Department of Clinical Medicine and Department of Digestive Diseases and Internal Medicine, Sant’Orsola-Malpighi Hospital, Università Alma Mater Studiorum di Bologna, Bologna, Italy Corresponding Author
Umberto Volta, MD
Dipartimento di Medicina Clinica, U.O. Medicina Interna Bolondi
Policlinico Sant’Orsola-Malpighi, Via Massarenti, 9, IT–40138 Bologna (Italy)

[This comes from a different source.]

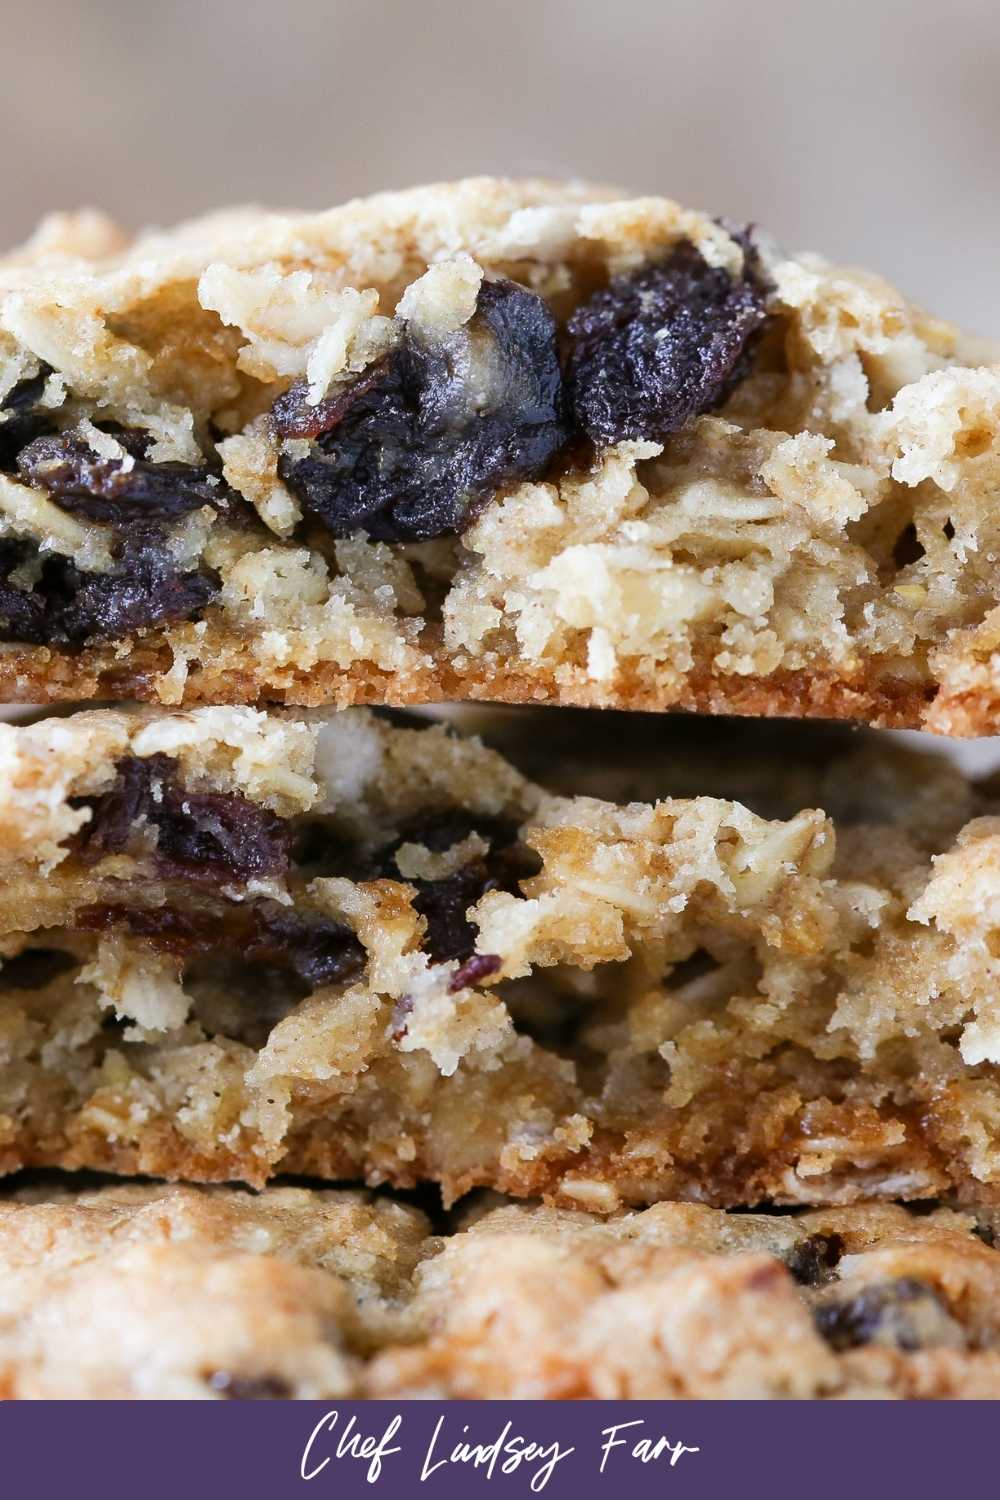 Raisin studded oatmeal raisin cookie interior.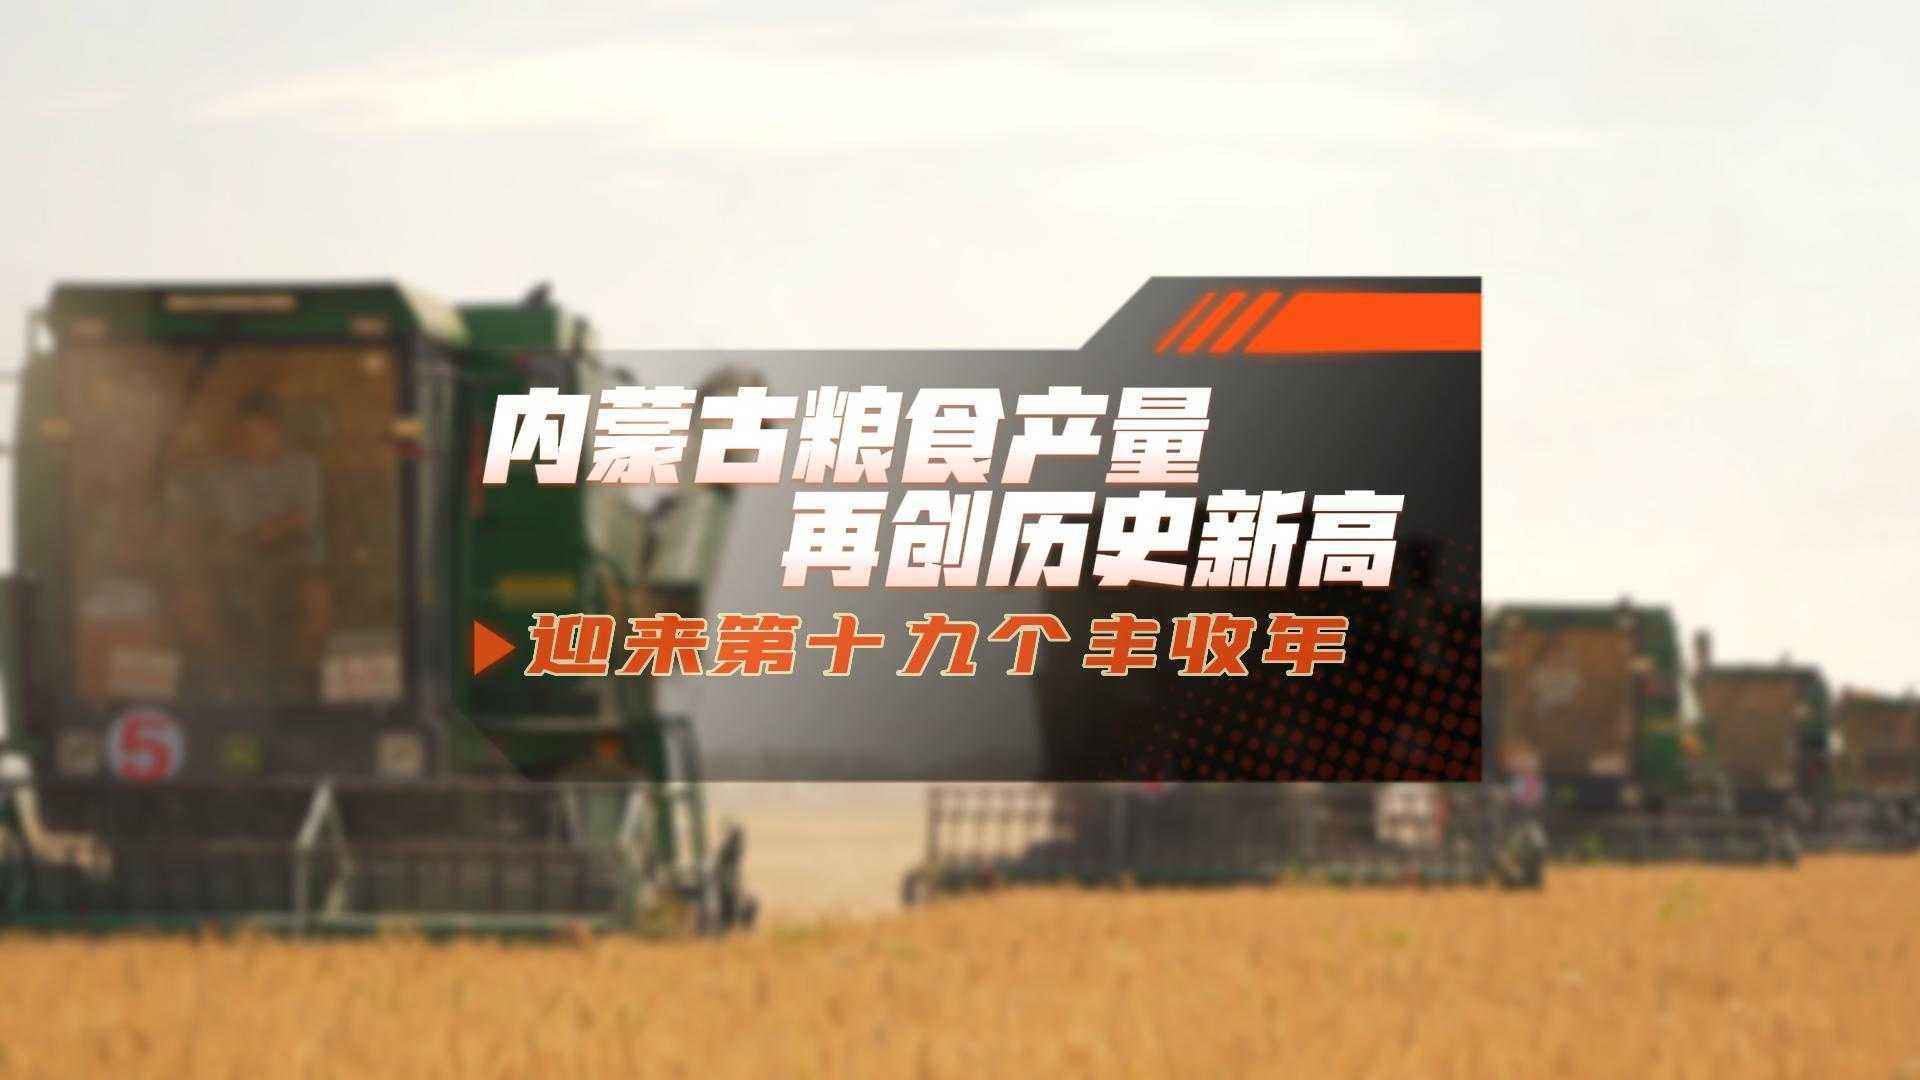 内蒙古粮食产量 再创历史新高 迎来第十九个丰收年

Tel. +39 051 636 3633, Fax +39 051 340 877, E-Mail email@example.com
Celiac disease is an autoimmune disorder primarily targeting the small bowel, although extraintestinal extensions have been reported. The autoimmune processes can affect the liver with manifestations such as primary biliary cirrhosis and autoimmune hepatitis. We describe a 61-year-old woman with celiac disease and an increased levels of aminotransferases. The persistence of increased levels of aminotransferases after 1 year of gluten-free diet and the positivity for an anti-nuclear and anti-double-strand DNA antibodies led to a misdiagnosis of systemic lupus erythematosus-related hepatitis. Based on these findings the patient was placed on steroids, which after a few months were stopped because of the onset of diabetes mellitus. Soon after steroid withdrawal, the patient had a marked increase in aminotransferases and γ-globulins, and a liver biopsy revealed chronic active hepatitis. A course of three months of steroids and azathioprine normalized both biochemical and clinical parameters. Currently the patient is symptom-free and doing well. In conclusion, a hypertransaminasemia persisting after a gluten-free diet should be interpreted as a sign of coexisting autoimmune liver disease. Any autoantibody positivity (in this case to ANA and anti-dsDNA) should be carefully considered in order to avoid misdiagnosis delaying appropriate clinical management.